→ AIM OF THE EXERCISE
In the entries below, begin at the line that has "Hindu Statues &", stop after the line that has "Transformers Arms Micron", and output those lines exactly with no pictures.

→ DATA FOR PROCESSING

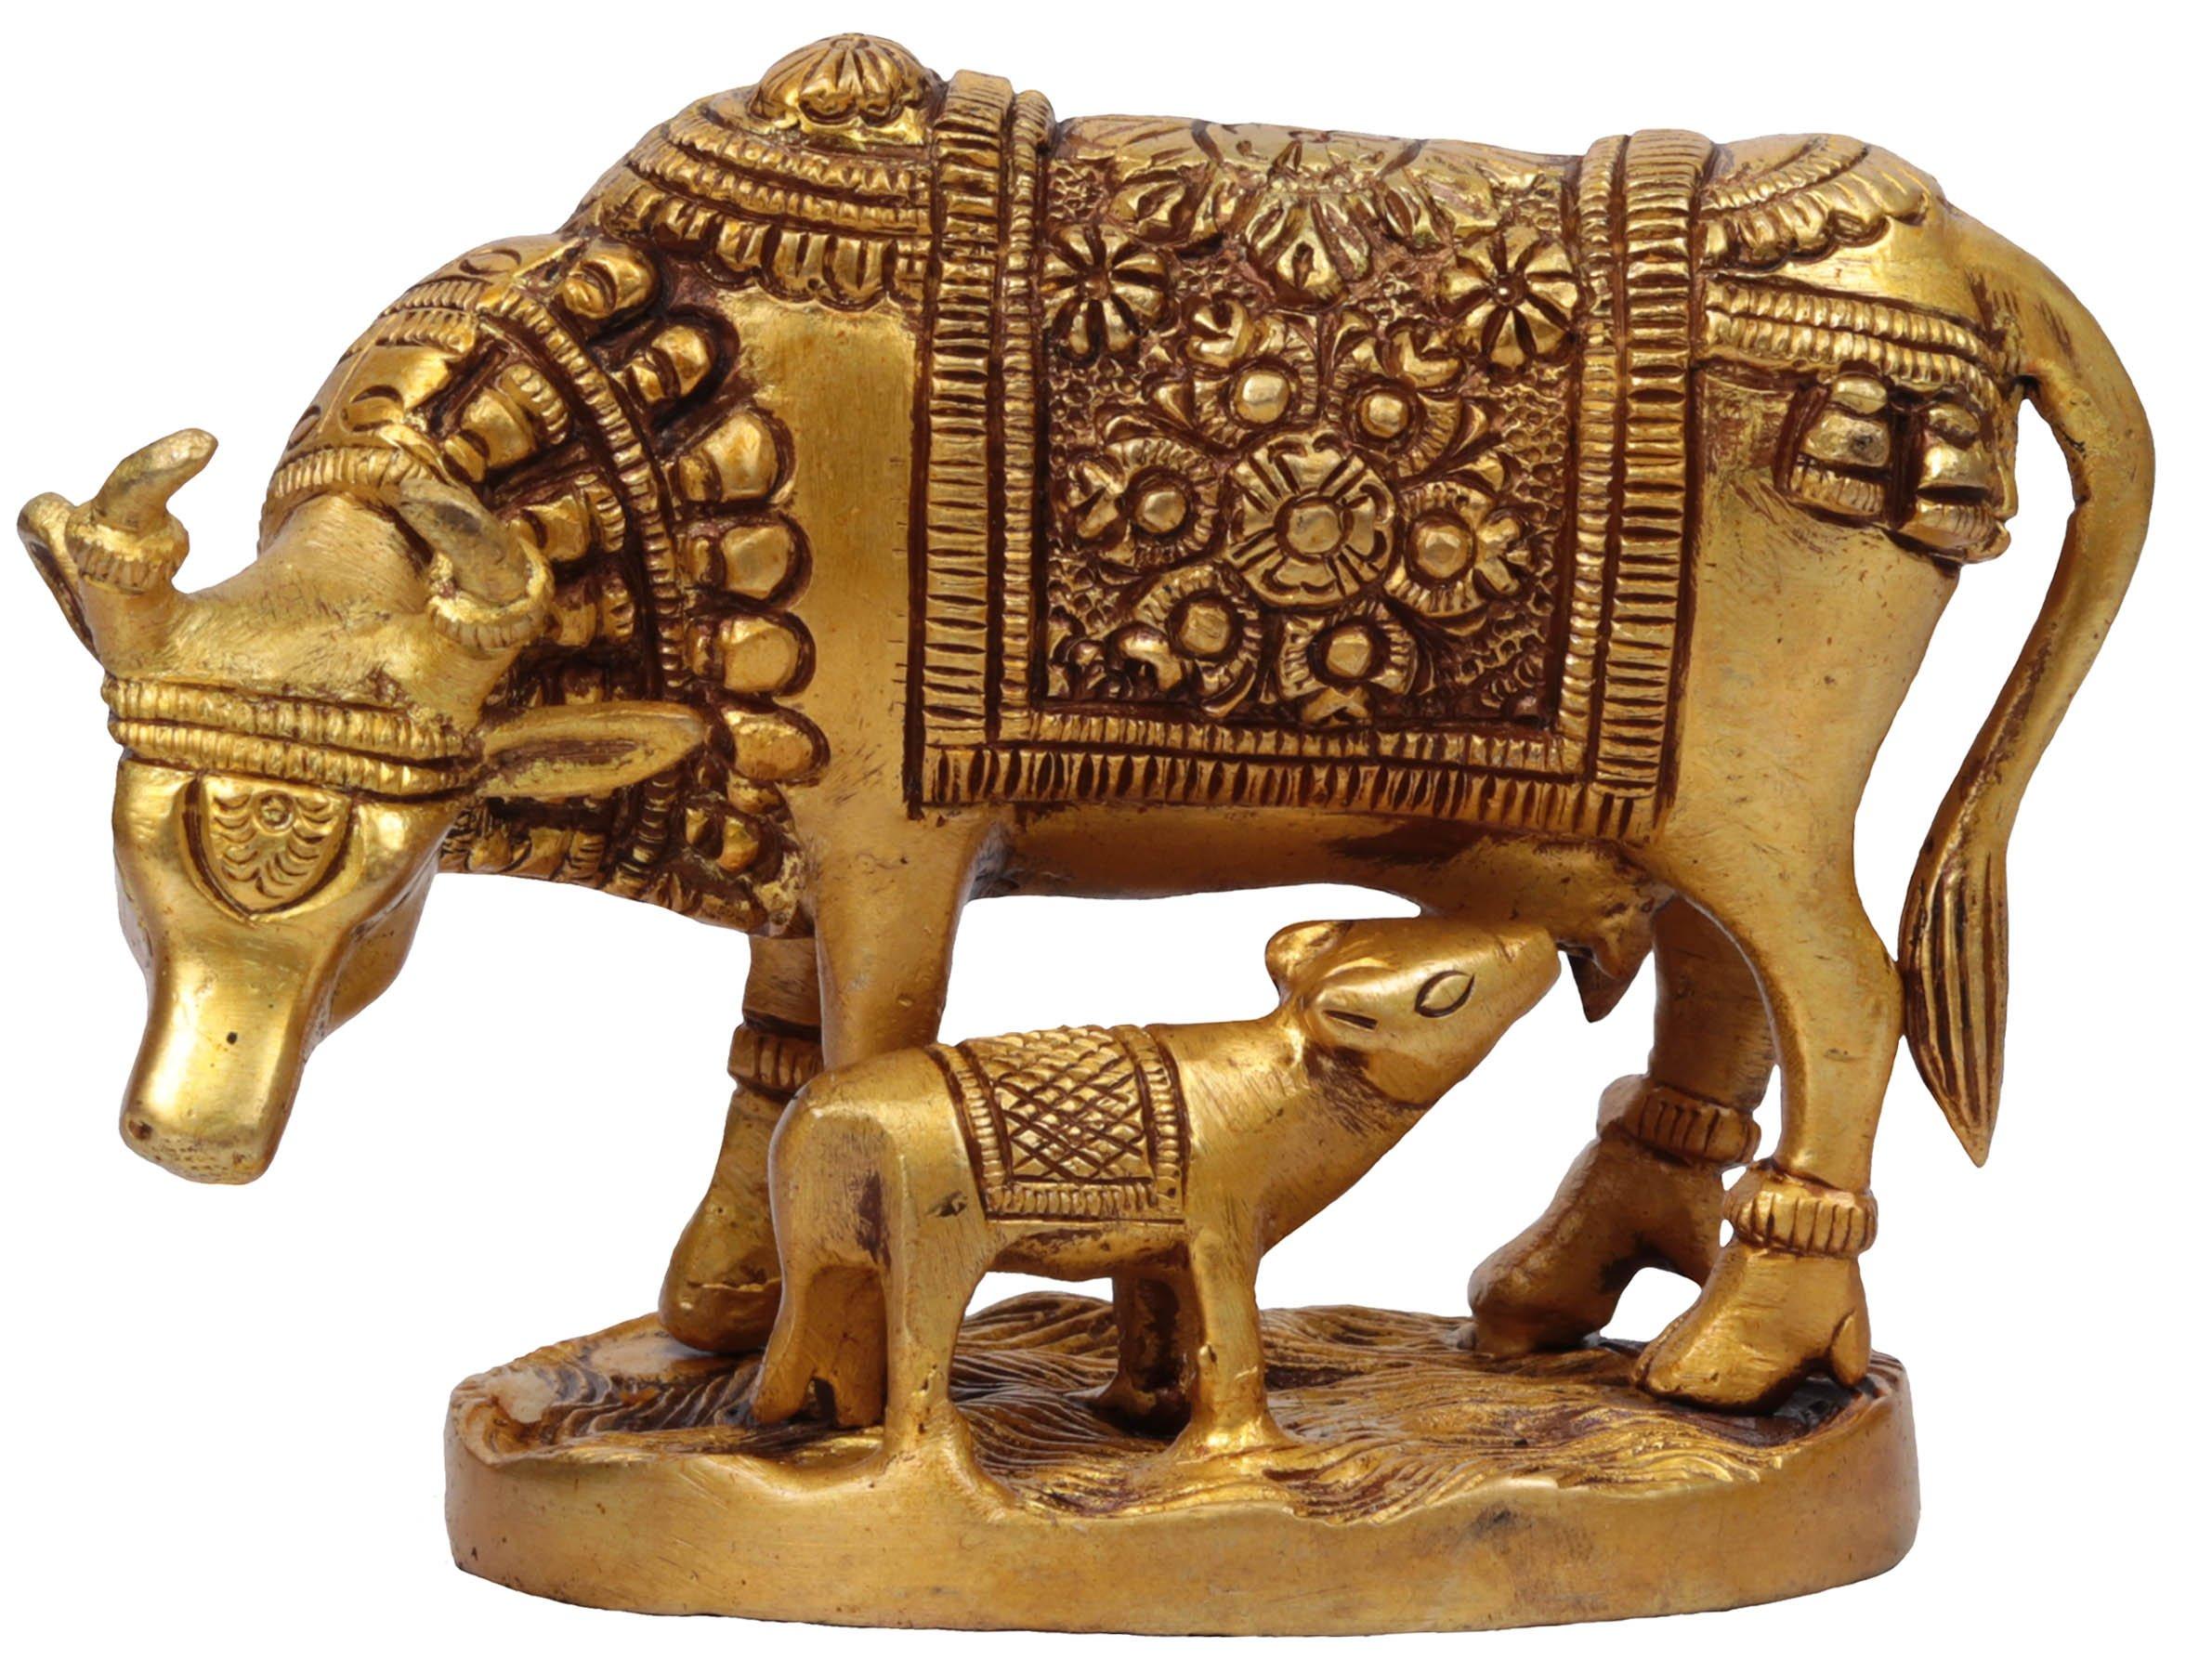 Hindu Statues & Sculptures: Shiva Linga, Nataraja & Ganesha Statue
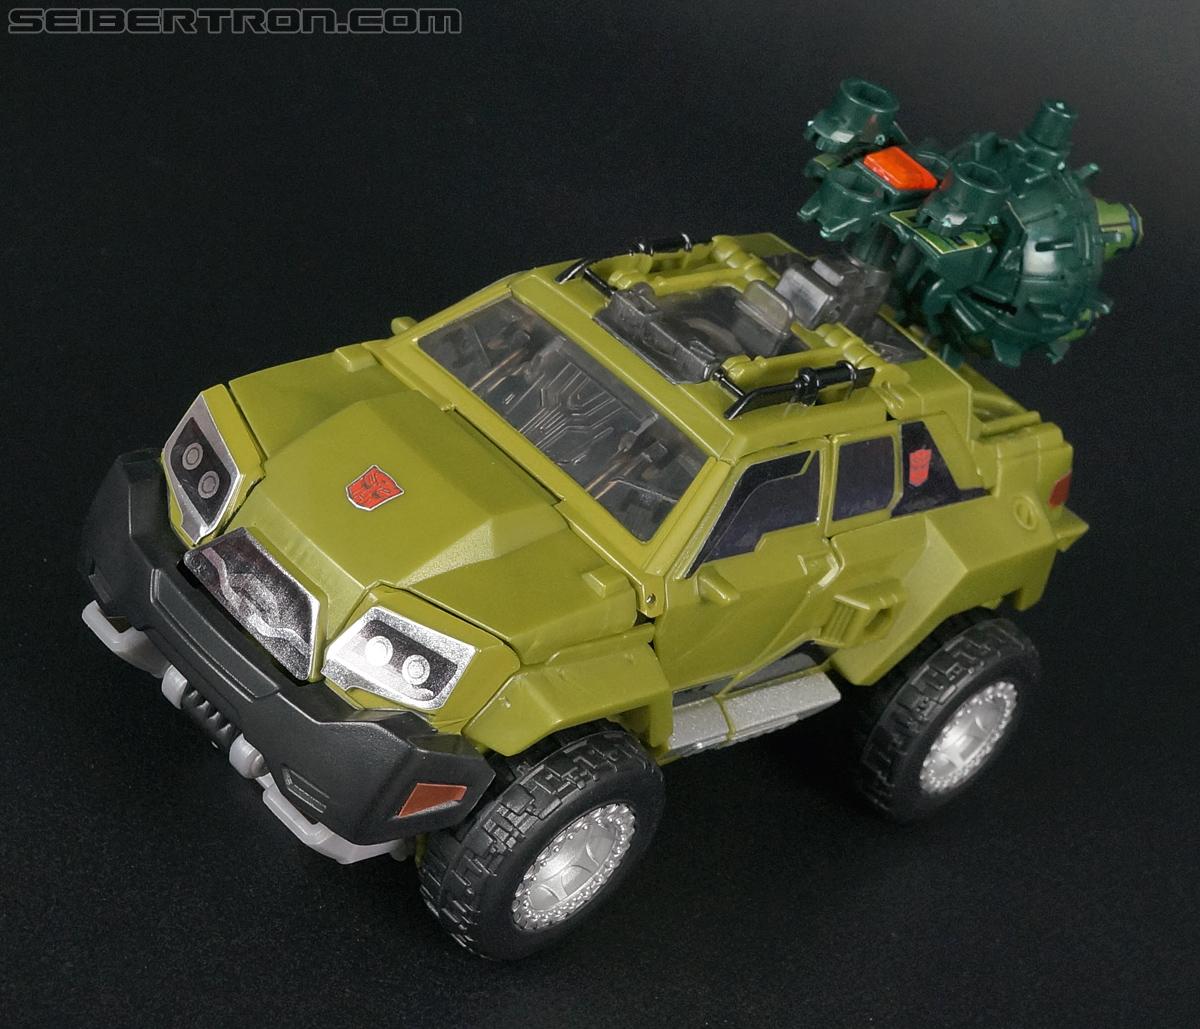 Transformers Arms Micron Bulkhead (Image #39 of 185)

--

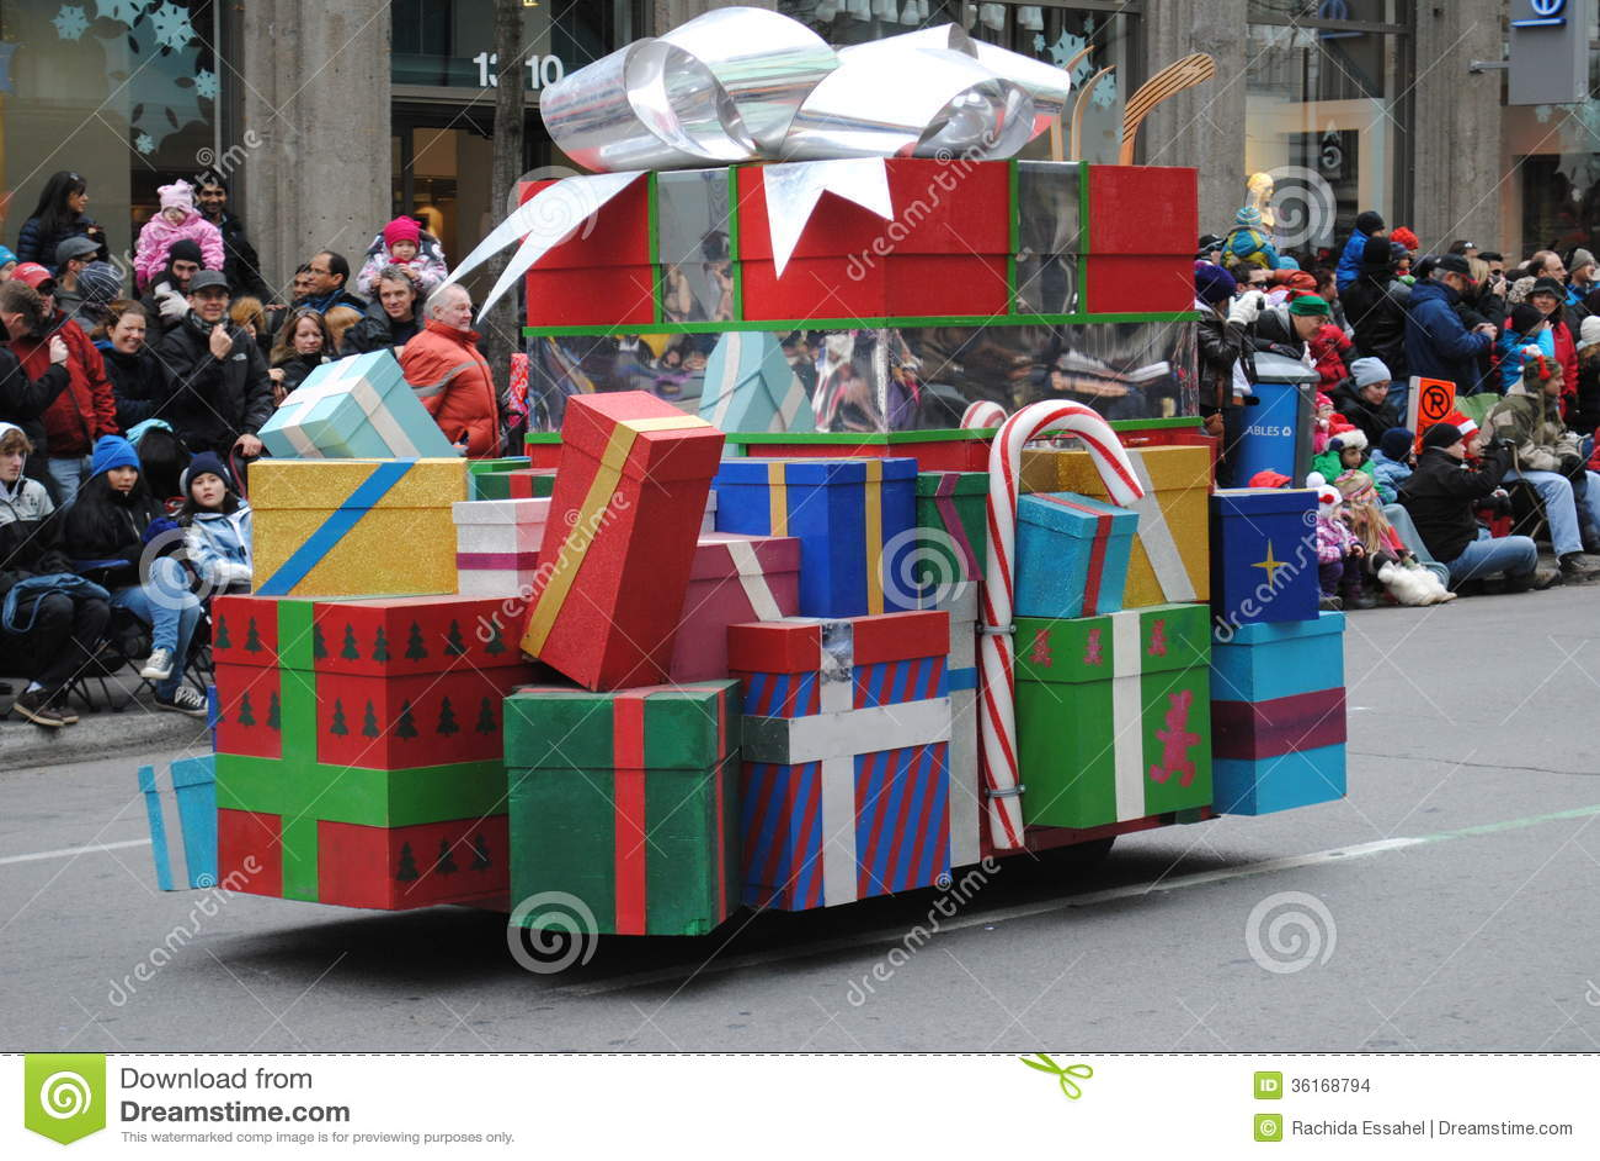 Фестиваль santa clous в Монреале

→ OUTPUT OF THE EXERCISE
 Hindu Statues & Sculptures: Shiva Linga, Nataraja & Ganesha Statue
 Transformers Arms Micron Bulkhead (Image #39 of 185)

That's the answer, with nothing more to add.